In the radar micro gesture recognition method based on the high-efficiency multidimensional attention neural network, the detection echo data of the radar is processed into the distance Doppler graph sequence through two-dimensional Fourier transform to serve as network input, then the multidimensional attention neural network based on the attention of joint space, channels and time is designed to effectively extract the input distance Doppler graph sequence, the multiscale space characteristics of the feature graph are effectively extracted by utilizing the multiscale convolution kernel, the compression-excitation mechanism is applied to the channel dimension to generate the channel attention weight, the Softmax layer is further utilized to establish the channel interactivity, the time self-attention module is provided to model the global frame number in the time dimension to obtain global time clues, the radar echo data is effectively and fully utilized, the problems that the existing network is insufficient in utilization of gesture echo data in complex scenes and the parameter quantity is large are solved, and the method has important engineering application value.

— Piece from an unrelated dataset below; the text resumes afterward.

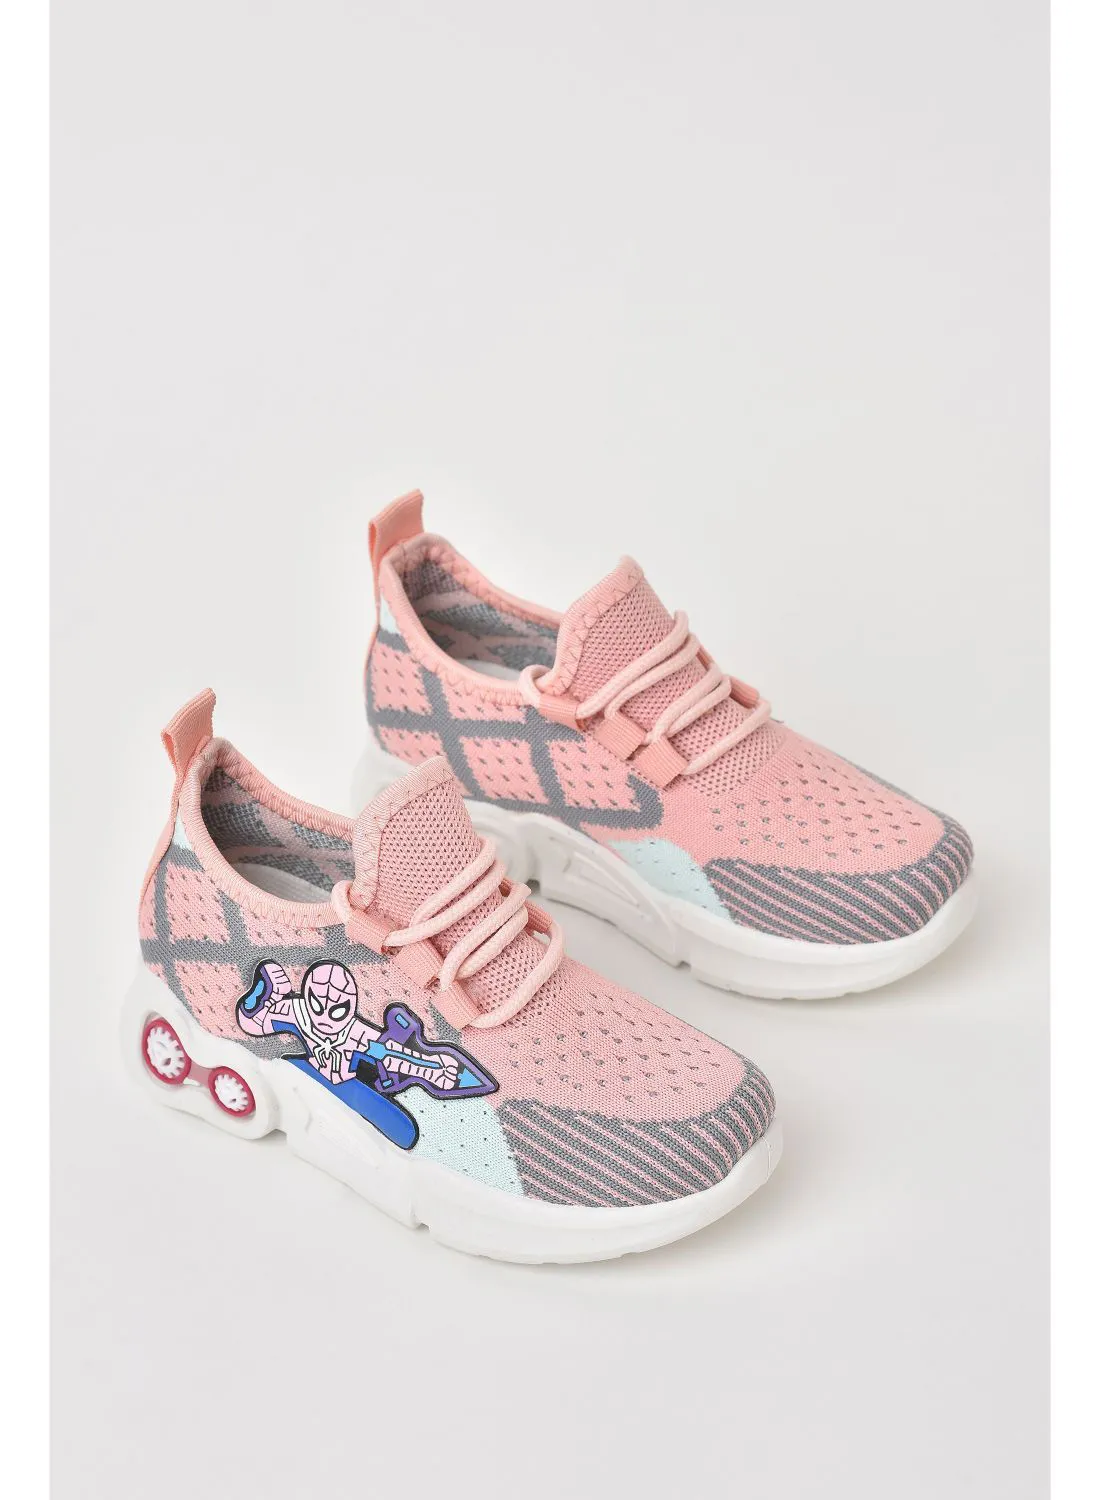 QUWA Casual Sneaker Pink/Grey

In one embodiment, the radar echo data includes an intra-pulse fast time and an intra-pulse slow time; performing two-dimensional Fourier transform and filtering processing on radar echo data to obtain a range-Doppler graph sequence of the detected gesture, wherein the range-Doppler graph sequence comprises the following steps:
Performing two-dimensional Fourier transform on the intra-pulse fast time and the intra-pulse slow time of the radar echo data to obtain a function of the distance and the speed of a target scattering point;
And filtering zero frequency components in the function of the distance and the speed of the target scattering point by using mean value filtering to obtain a Doppler graph sequence of the detected gesture.

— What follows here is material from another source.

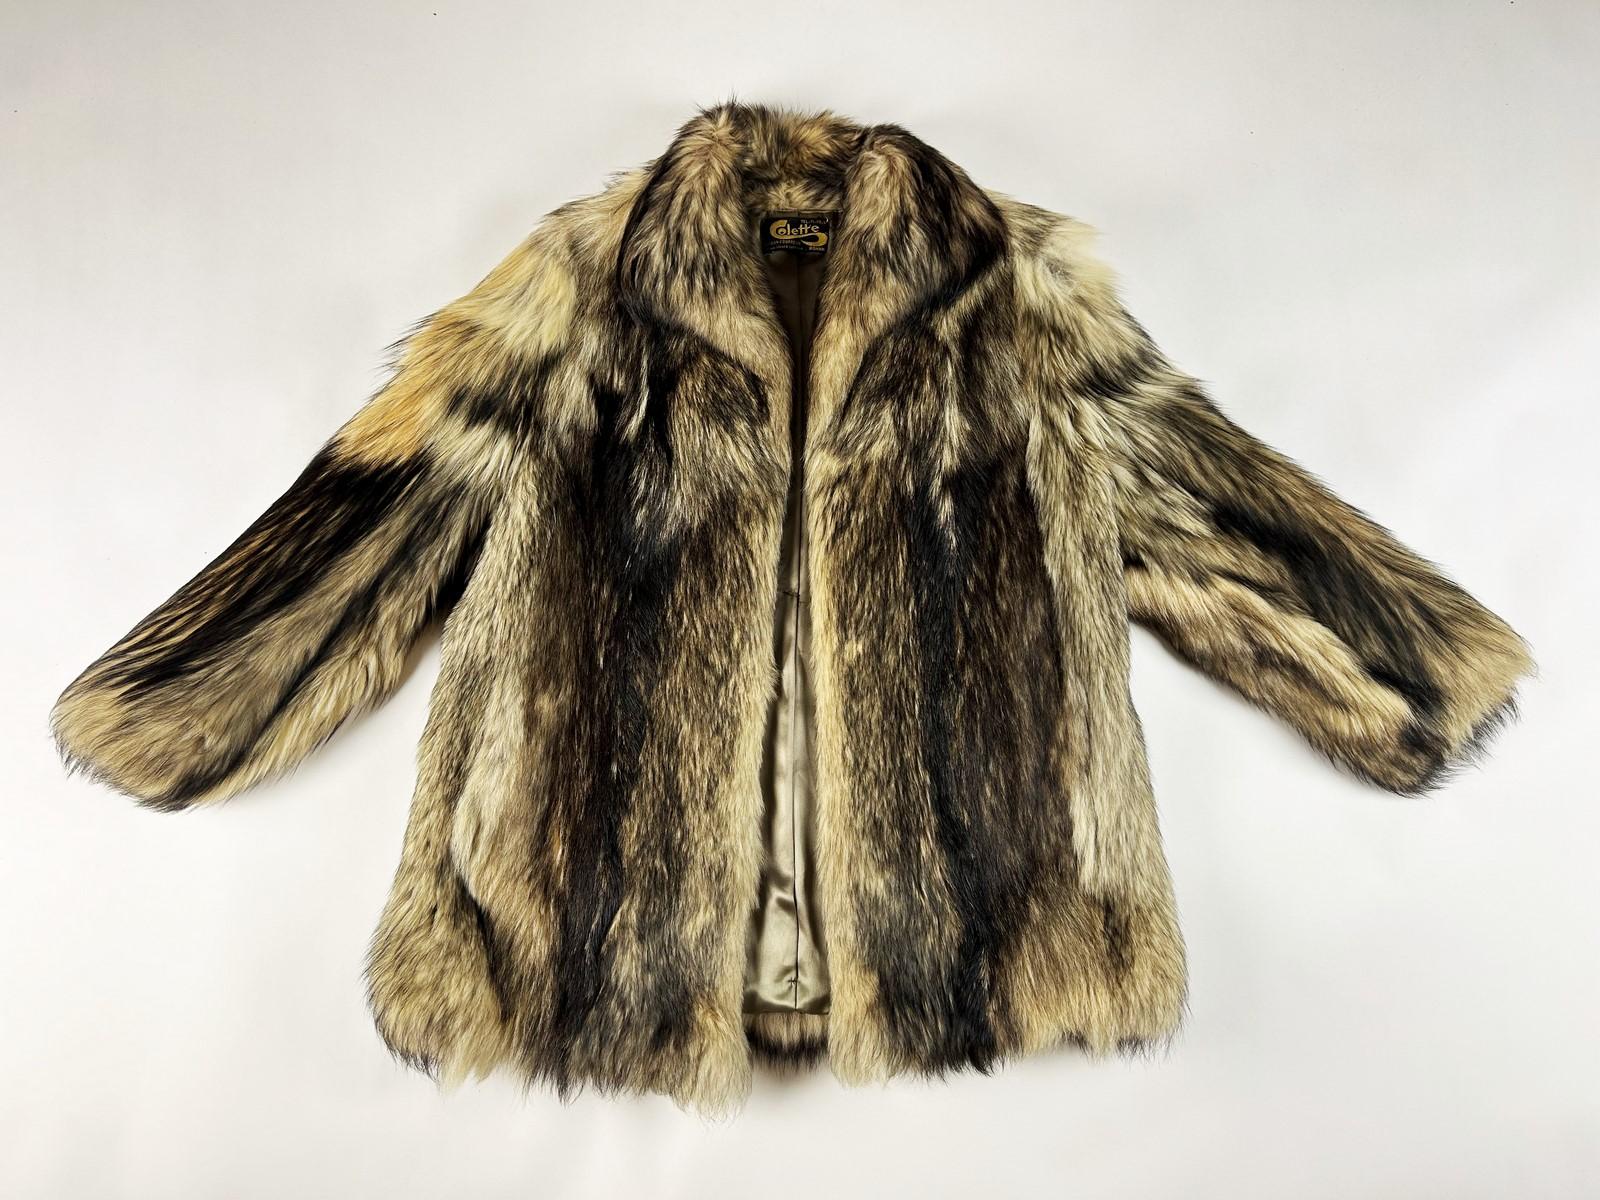 Marmot Fur Coat by Maison Colette - French Circa 1980 For Sale 9

In one embodiment, performing a two-dimensional fourier transform on the fast and slow intra-pulse times of the radar echo data to obtain a function of distance and speed of the target scattering point, includes:
Performing two-dimensional Fourier transform on the fast and slow intra-pulse times of the radar echo data to obtain a function of the distance and speed of the target scattering point as
Wherein N represents FFT conversion of slow time dimension performed every N pulse repetition periods T p, A l represents intensity of the first scattering point, R l is distance from the first scattering point to radar, v l is speed of the first scattering point, gamma is modulation frequency of a transmitted signal, L represents total number of target scattering points, and f i,fd represents fast timeAnd a representation of the slow time t m in the frequency domain after fourier transform, corresponding to the distance and velocity, respectively.
In one embodiment, constructing a multidimensional attention module from a global max-pooling layer, a global average pooling layer, and a split-splice convolution module includes:
Constructing a channel attention module according to the global maximum pooling layer and the global average pooling layer;
constructing a space attention module according to the segmentation and concatenation convolution module;
the temporal attention module is built from the global averaging pooling layer.
In a specific embodiment, as shown in fig. 2, a multi-dimensional attention (MDA) module structure is shown, where GMP refers to a global max pooling layer, GAP refers to a global average pooling layer, SCC refers to a split-splice convolution module, and fig. 3 is a split-splice convolution module (SCC) structure is shown, where the SCC includes a plurality of multi-scale convolution kernels.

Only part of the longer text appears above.